Monday, December 23, 2013

DR Congo launches its National Investment Plan for Agriculture. Is anyone listening?


At around 2.5 per cent of the national budget, DR Congo spends the least on agriculture of all its neighbors, a figure made more minuscule given the great untapped potential of its vast arable lands. For comparison, the Republic of Congo spends close to 14%, Zambia 10% and Ethiopia over 20%.

Following the 2009 Maputo Accords, NEPAD initiated the Comprehensive Africa Agriculture Development Program (or CAADP), a continent-wide compact to reduce poverty and hunger by increasing state investment in agriculture over a ten-year period, with two basic metrics: raise public ag spending to 10% of GDP and raise ag growth rates to 6% by 2020. Participating countries were encouraged to tailor their growth strategies and investment plans accordingly, and solicit the views of farmers' associations, civil society and the private sector for an inclusive national approach with popular support.

DR Congo announced its National Investment Plan for Agriculture (PNIA) last month in Kinshasa, with great fanfare and expense. A total of $5,730m is budgeted, but only $857m had been committed (93% from donors, 7% from GDRC) by the closing ceremony. So where were the investors? In interviews and public pronouncements, government officials are confident that their chosen path, the PNIA, will attract foreign investment and will modernize and monetize Congo’s vast agricultural potential, thus transforming the lives of the country's rural poor, nearly all of whom are isolated, subsistence farmers.

Outside of government, skepticism regarding the PNIA is high. The primary criticism from donors and the Congolese private sector accuses the GDRC of failing to commit to sweeping infrastructural renovation (communications, transport, electricity, etc) as the foundation of national economic growth, and instead shifting that burden onto the international firms it assumes are lining up to invest. Yet no foreign firm would consent to such a capital outlay given the country’s dismal business environment. Serious investors would expect to see government planning and budgets to this end, yet beyond the PNIA the GDRC has no comprehensive plan to address the country’s deeply eroded infrastructure (piecemeal donor projects are the norm), or resolve its regulatory morass and lack of legal protection for private enterprise.

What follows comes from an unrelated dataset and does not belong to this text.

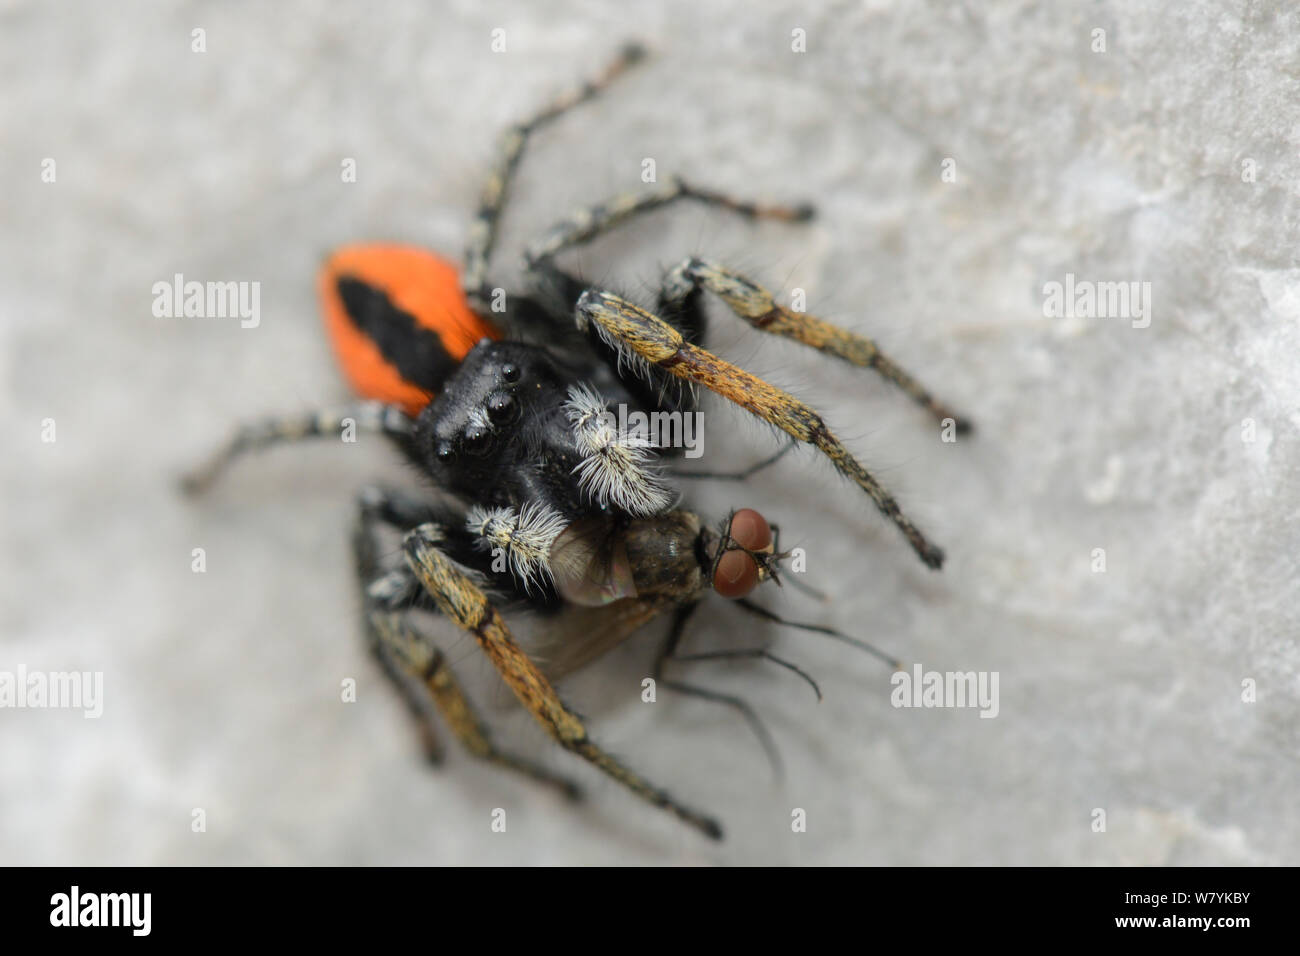 Jumping spider (Phylaeus chrysops) con mosca presa sobre rocas calizas, Parque de Sutjeska, Bosnia y Herzegovina, en julio. Foto de stock

An even greater deterrent, the current Code Agricole stipulates that any private enterprise would require a 51% ownership stake by the GDRC. These terms are currently being revisited, but the compromise under discussion is 20% national ownership -- still untenable for obvious reasons, particularly given the country's long history of nationalization (viz., Zairianisation), expropriating private businesses, stripping assets and triggering massive capital flight. This legacy is still felt today among potential investors who see Congo as too risky (unpredictable and unstable), and in the Kabila administration's patrimonial, anti-entrepreneurial policies. 

The other main deterrent for foreign investors is the cost of commerce itself which, after the endless hoops and ladders of business registration, is so high that local produce cannot compete with cheap imports. In the country’s urban centers, imported versions of Congo’s basic foodstuffs (palm oil, maize, beans, sugar, rice, and wheat flour) outnumber local varieties, except for cassava.  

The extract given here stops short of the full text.